Abstract

Although contaminant removal from water using zero-valent iron nanoparticles (INP) has been investigated for a wide array of chemical pollutants, the majority of studies to date have only examined the reaction of INP in simple single-contaminant systems. Such systems fail to reproduce the complexity of environmental waters and consequently fail as environmental analogues due to numerous competitive reactions not being considered. Consequently there is a high demand for multi-elemental and site-specific studies to advance the design of INP treatment infrastructure.
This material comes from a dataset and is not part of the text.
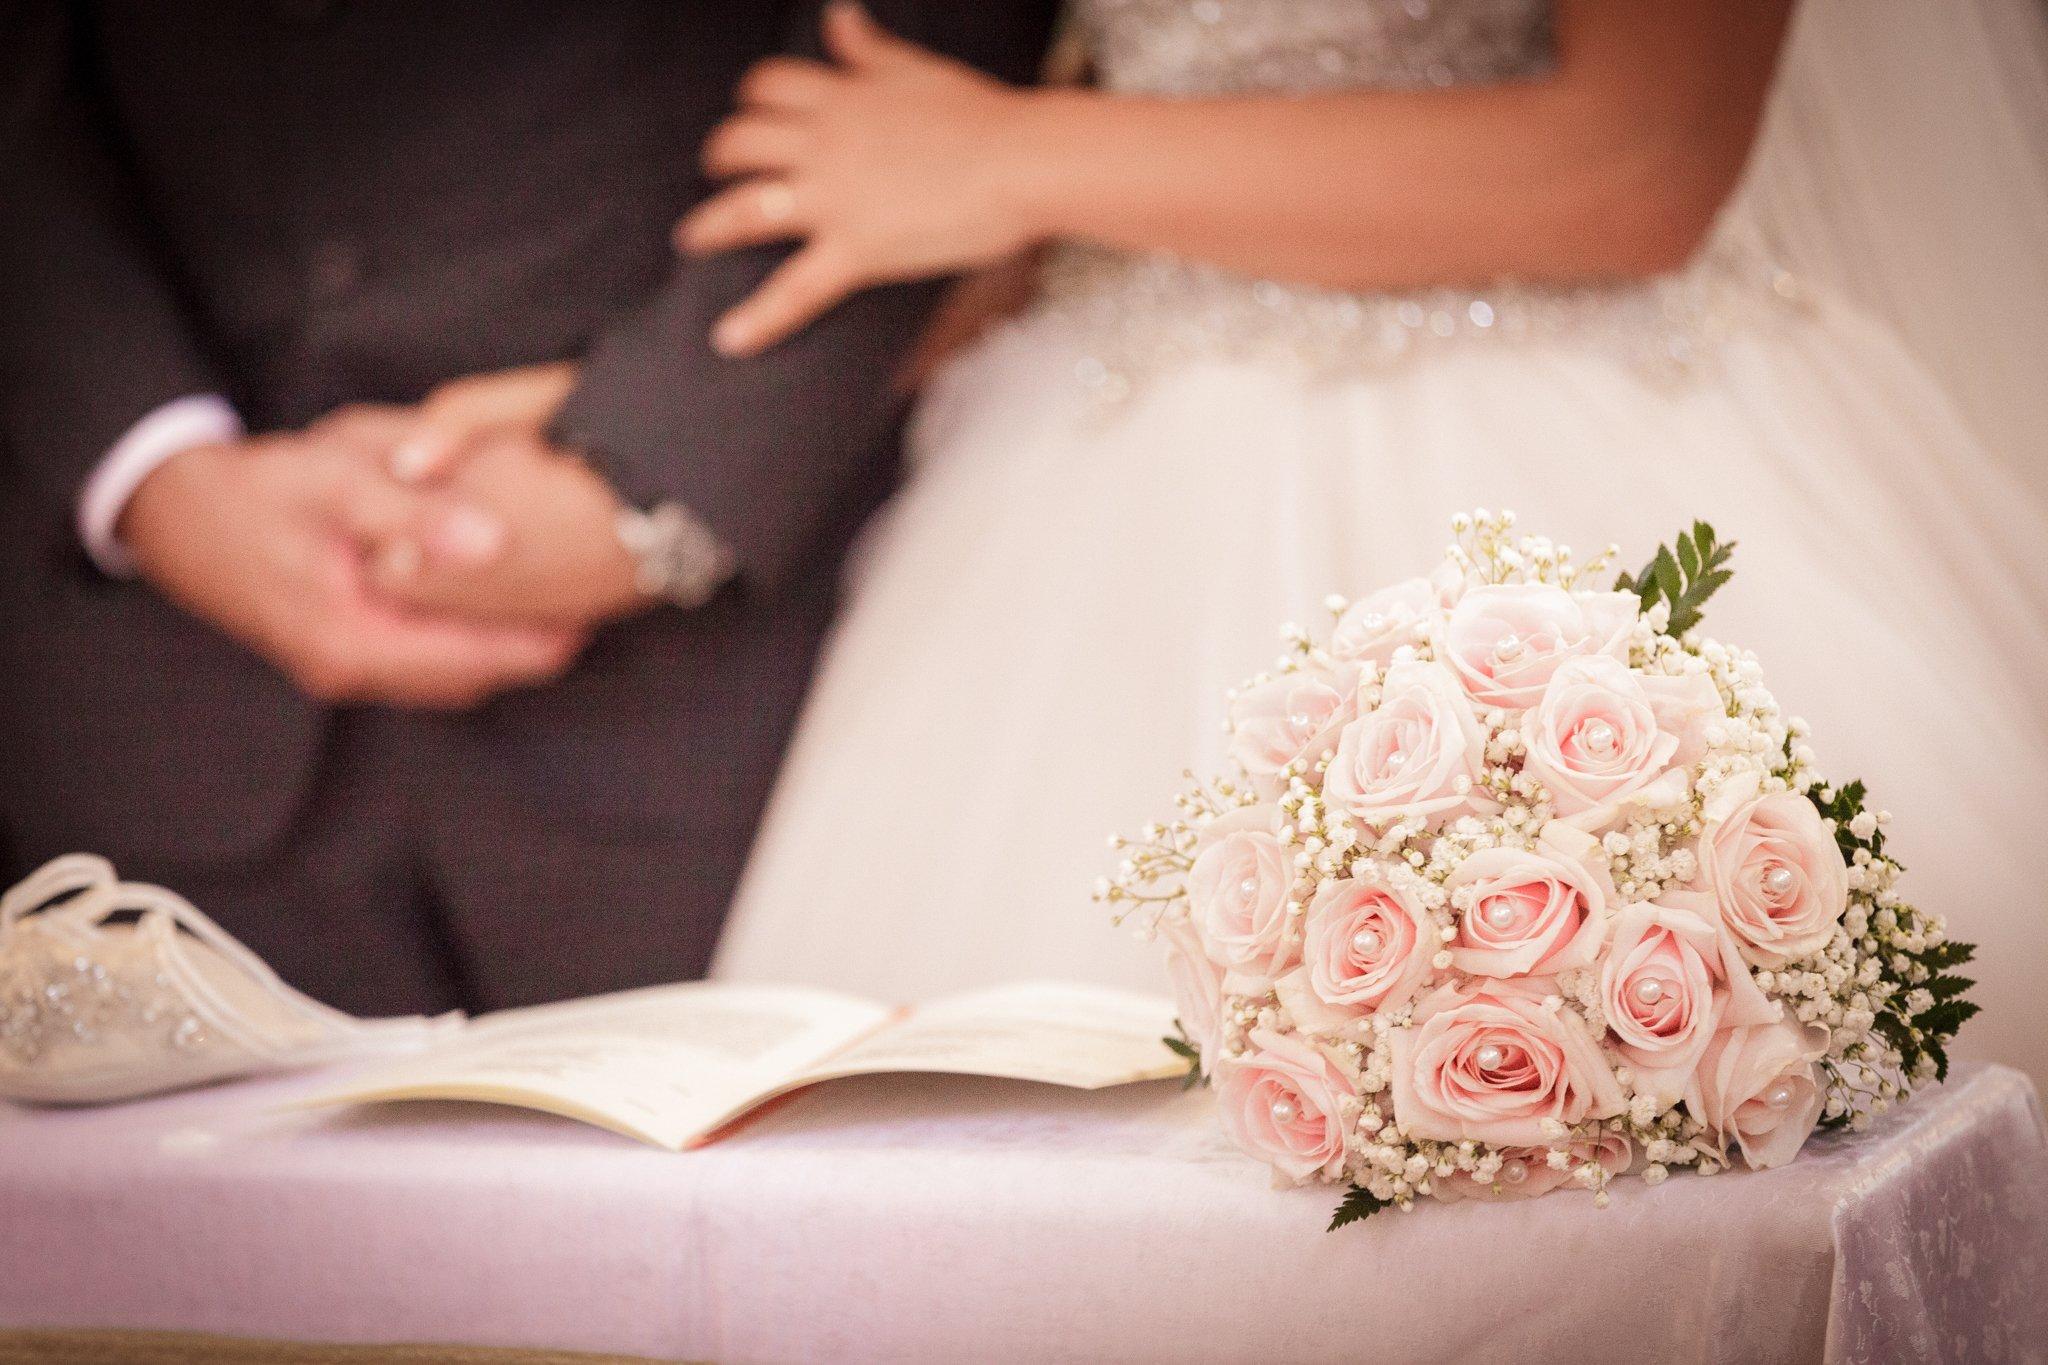 Matrimonio Gipsy Significato : Matrimonio boho chic come organizzarlo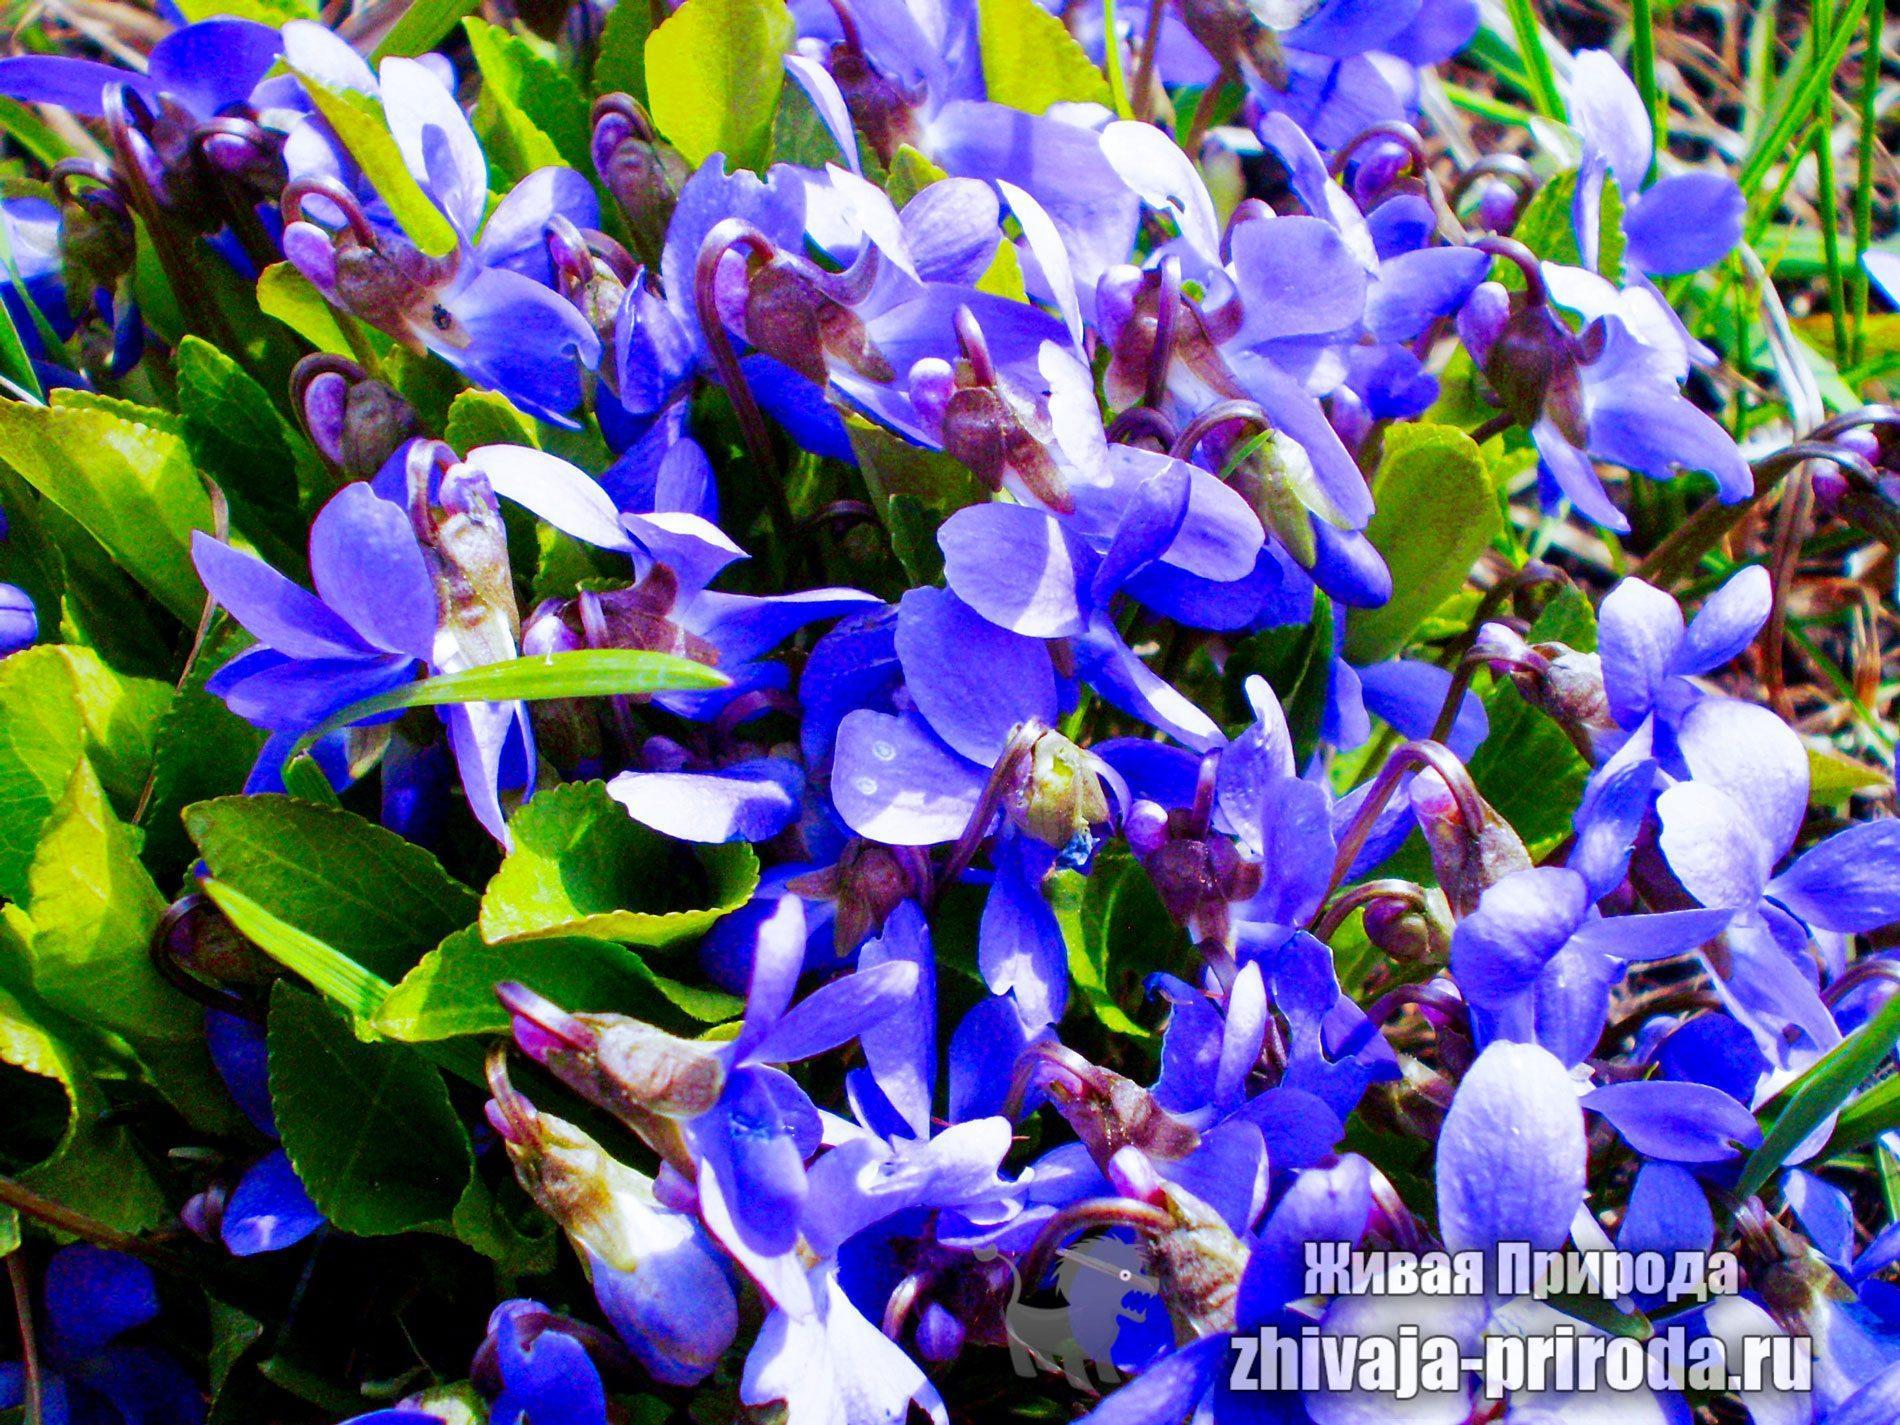 фото-первых-весенних-цветов

Here INP are investigated using batch reactor systems over a range of pH for the treatment of water containing multi-element contaminants specifically U, Cu, Cr and Mo, selected to provide site-specific analogues for leachants collected from the Lişava mine, near Oraviţa in South West Romania. Concurrently, a U-only solution was also analysed as a single-system for comparison.Results confirmed the suitability of nano-Fe0 as a highly efficient reactive material for the aqueous removal of CrIV, CuII and UVI over a range of pH applicable to environmental waters. Insufficient MoVI removal was observed at pH >5.7, suggesting that further studies were necessary to successfully deploy INP for the treatment of geochemically complex mine water effluents. Results also indicated that uranium removal in the multi-element system was less than for the comparator containing only uranium.